I borrowed a friends Xbox and between extended cable news marathons I Halo'ed myself into oblivion, blasting aliens to bits. The virtual violence took my mind off of how bad I felt. I discovered that Halo and Nyquil are a powerful combination - a free and legal hallucinogen. My nights were filled with fevered dreams of day glo colours, explosions, and bad ass evil aliens out to get me. Fun, fun, fun till Gareth took the Xbox away.
I really wanted to blog about the Pope's death, or more to the point, the Pope himself. Despite the endless commentary in all media, I rarely came across any thoughts by, or interviews with, people like me. People who were brought up Catholic, and who may have admired the Pope for his stand on communism, or the death penalty, but ultimately who had lapsed from any formal religious practice. In other words the people the Pope lost. Every Limerick child went to see the Pope in Greenpark in 1979, but when I think through all my friends today, I cannot think of one who attends Mass regularly, in fact I cannot think of one who attends Mass at all! Even more shocking I can't think of many who baptised their own children. That’s a pretty shocking statistic - but not surprising to those of us of that generation. Our parents worked hard to provide us with options, and almost all of us went to college. I don't think they realised how much we would rebel against the Vatican's convervative interpretation of church teaching. I don't think we ourselves realised how much we would rebel. The Pope liked to blame the church's and the world's problems on our materialism. He missed the point, educated free people don't need the panacea of religion as much. They ask questions and don't accept dogma so easily, especially when it seems to make no real sense. Despite his laudable exhortations to his countrymen to "be not afraid" in the face of communism, and his encouragement of peaceful political protest, he was utterly intolerant of any dissent within the Church. He came down particularly hard on liberal Catholic theologians. Real intellectual discourse was discouraged and even punished if it disagreed with accepted doctrine. Questioning was not persmissible and was often dismissed outright as sacrilege.

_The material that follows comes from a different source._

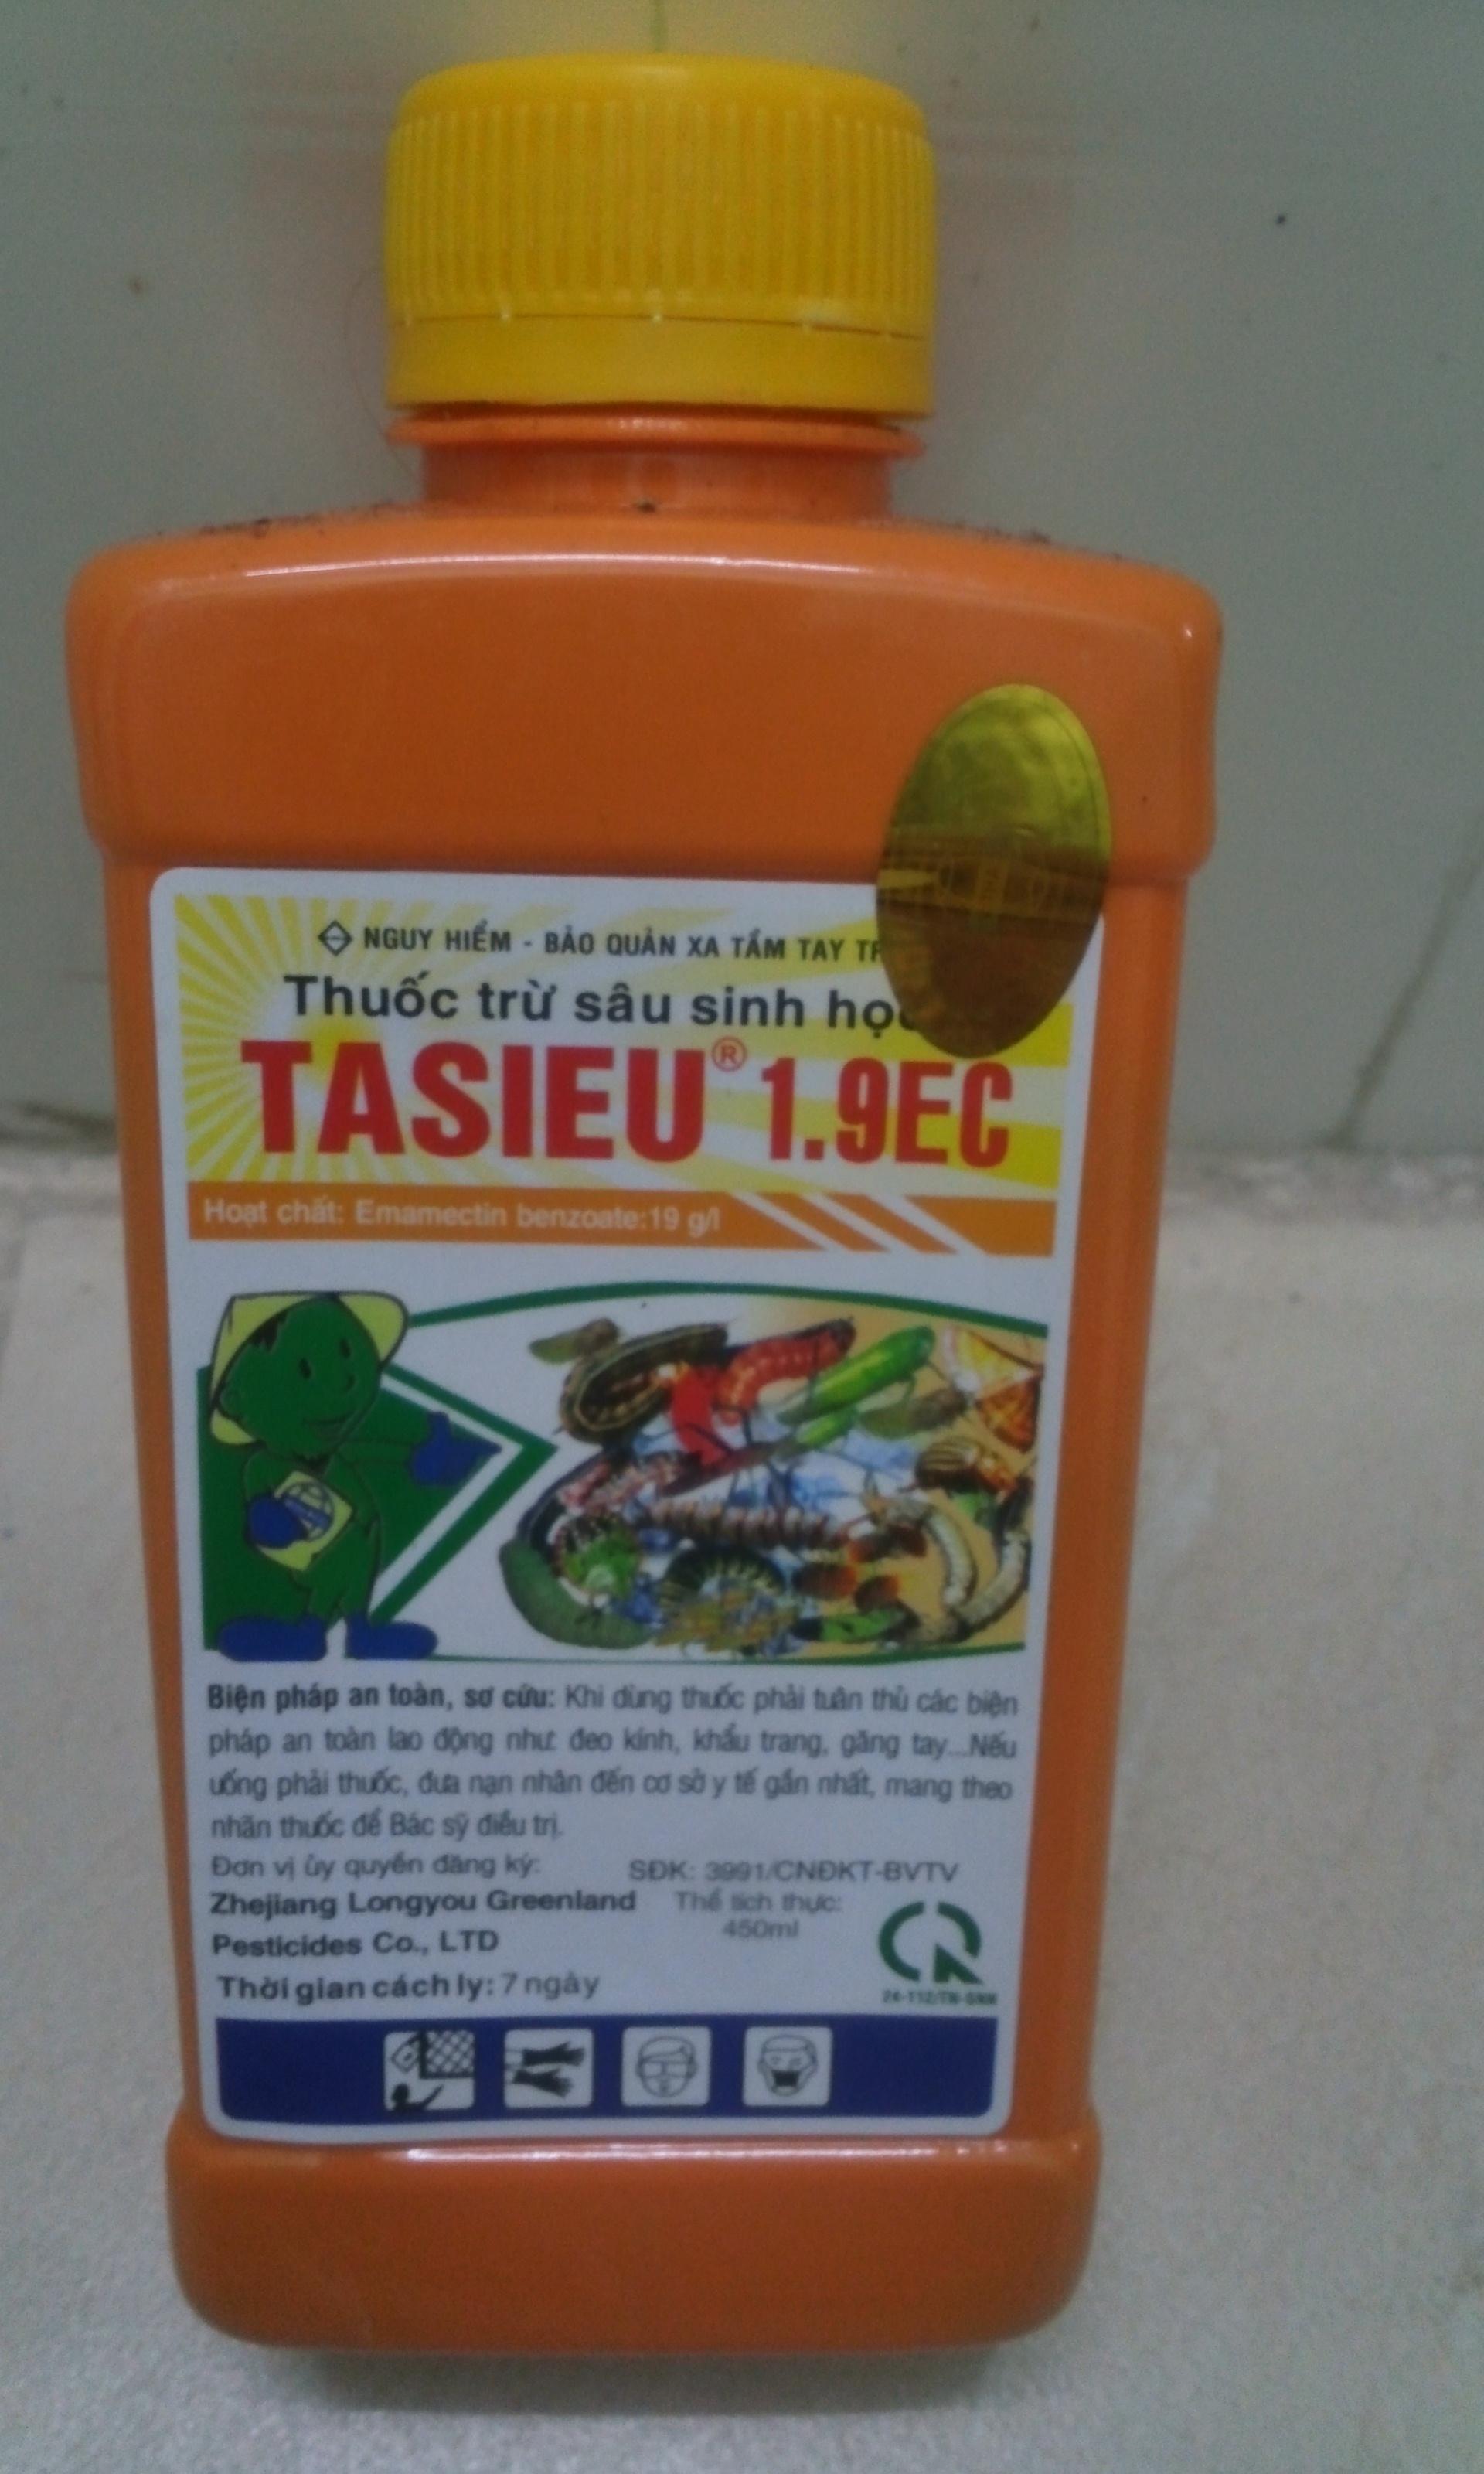 Thuốc trừ sâu sinh học TASIEU 1.9EC 450ml

His position on women was particularly obnoxious. They were to be placed on a pedestal and worshipped. The Virgin Mary was his template for this. But even a rudimentary reading of the Bible would illustrate the she was one tough broad. She raised the son of God for cryin' out loud. She was an independent women who stepped outside her society's norms, as did other strong biblical women, Mary Magdelene for example. Those women would never have stood on the sidelines, worshipped but ignored.

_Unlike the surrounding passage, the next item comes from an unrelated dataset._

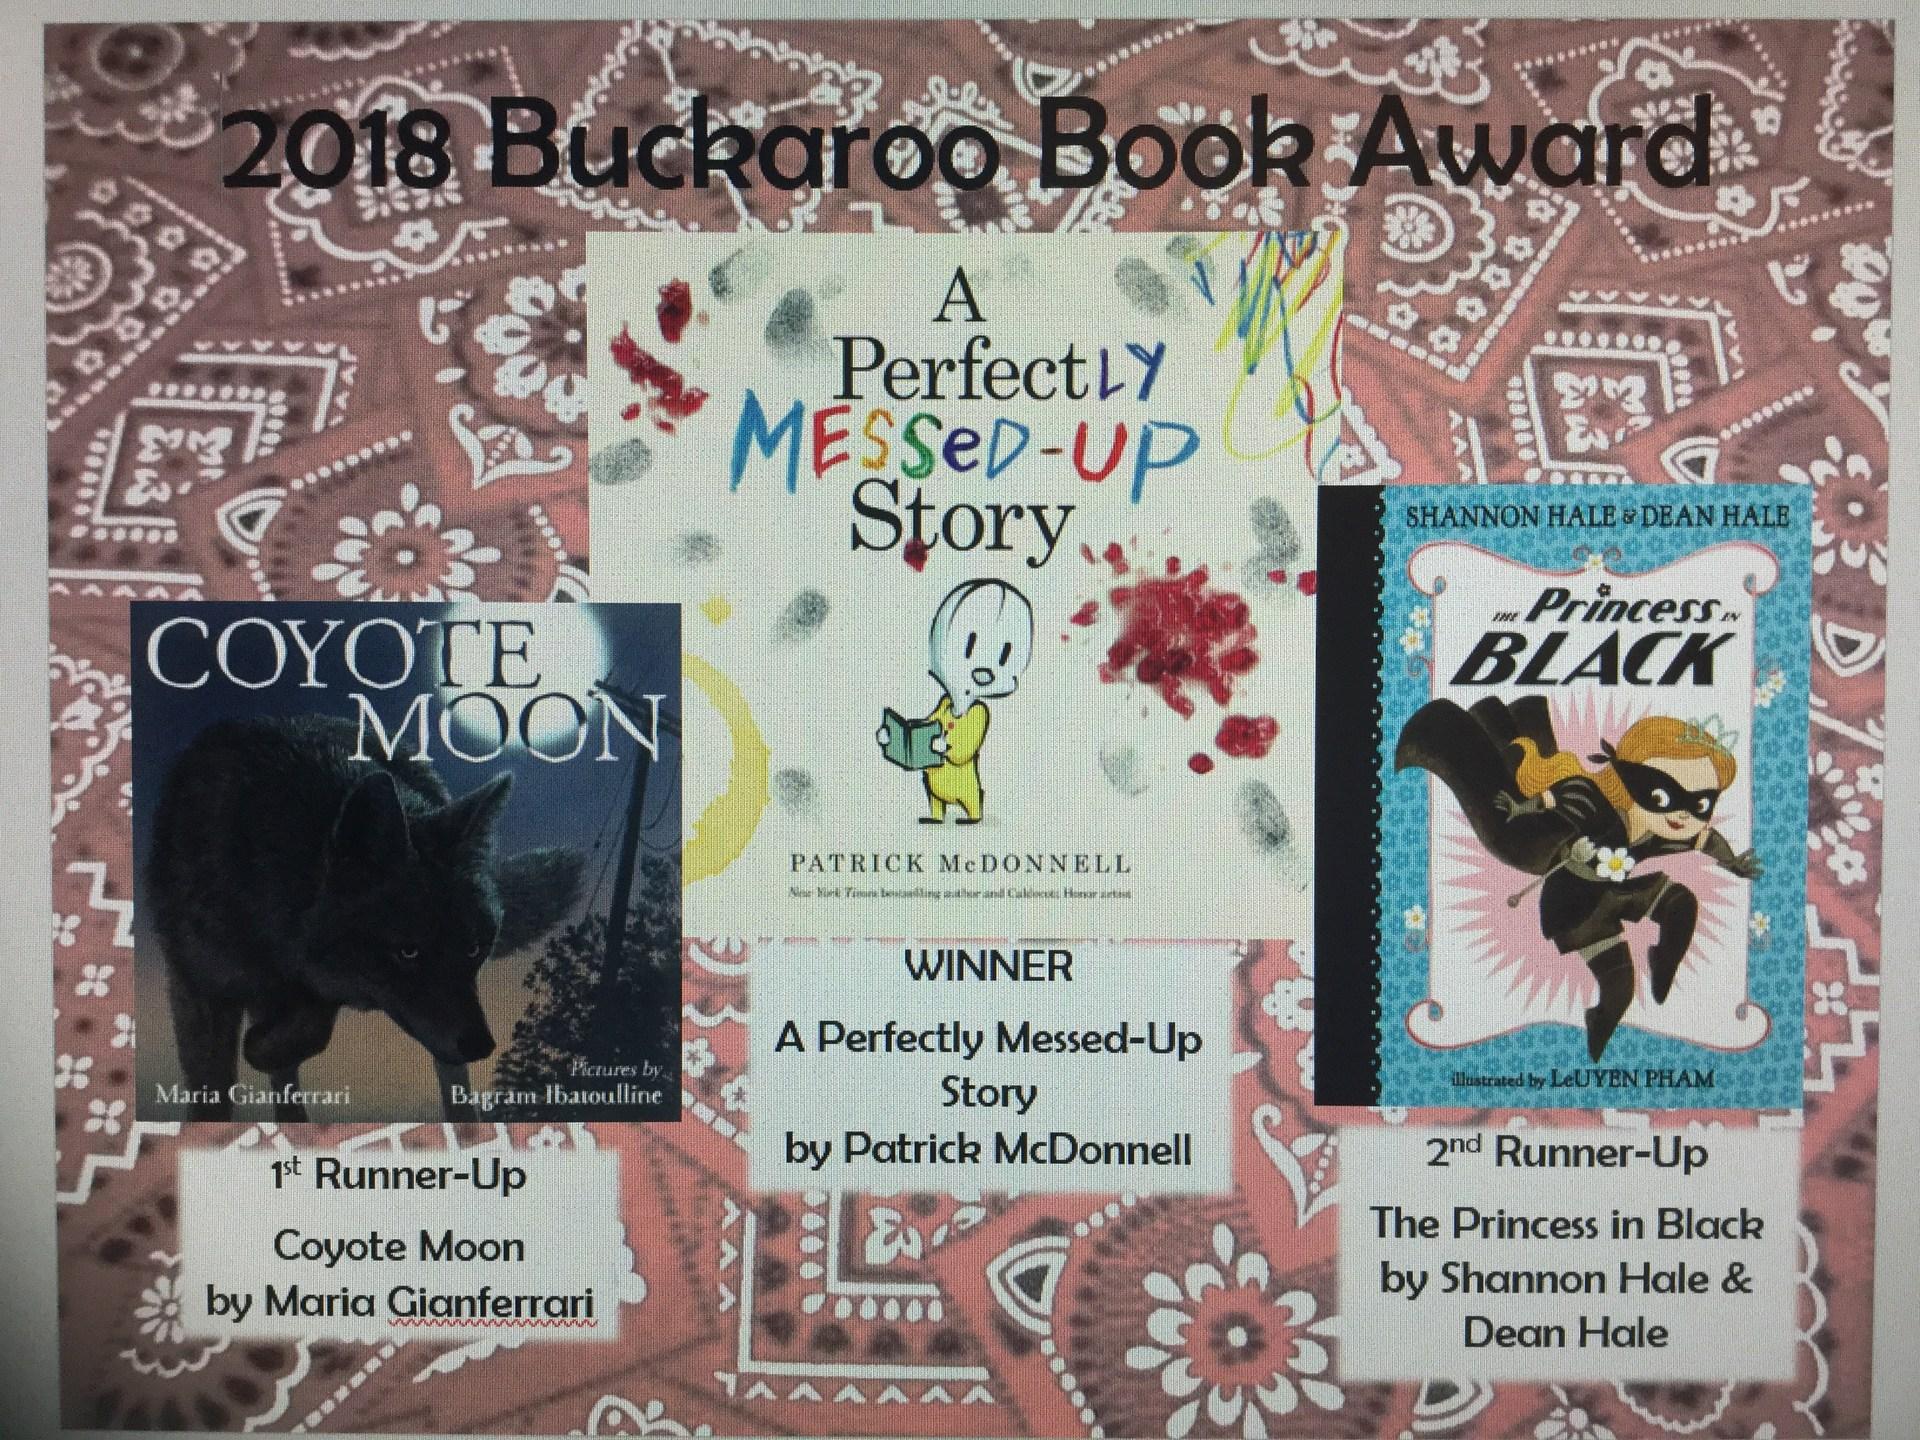 Top 3 Buckaroo book winners

Ultimately, people realised that they could have the life they wanted by simply ignoring the Church when they wanted to. Society had evolved to where there were no negative consequences to this. Initially, most people probably still attended Mass and broadly accepted Church teaching, but as scandal after scandal went unanswered by the Vatican and a whole new generation of kids grew up, they simply decided that the Church was irrelevant to them. And as things stand now it is. It will take a sea change to win us back.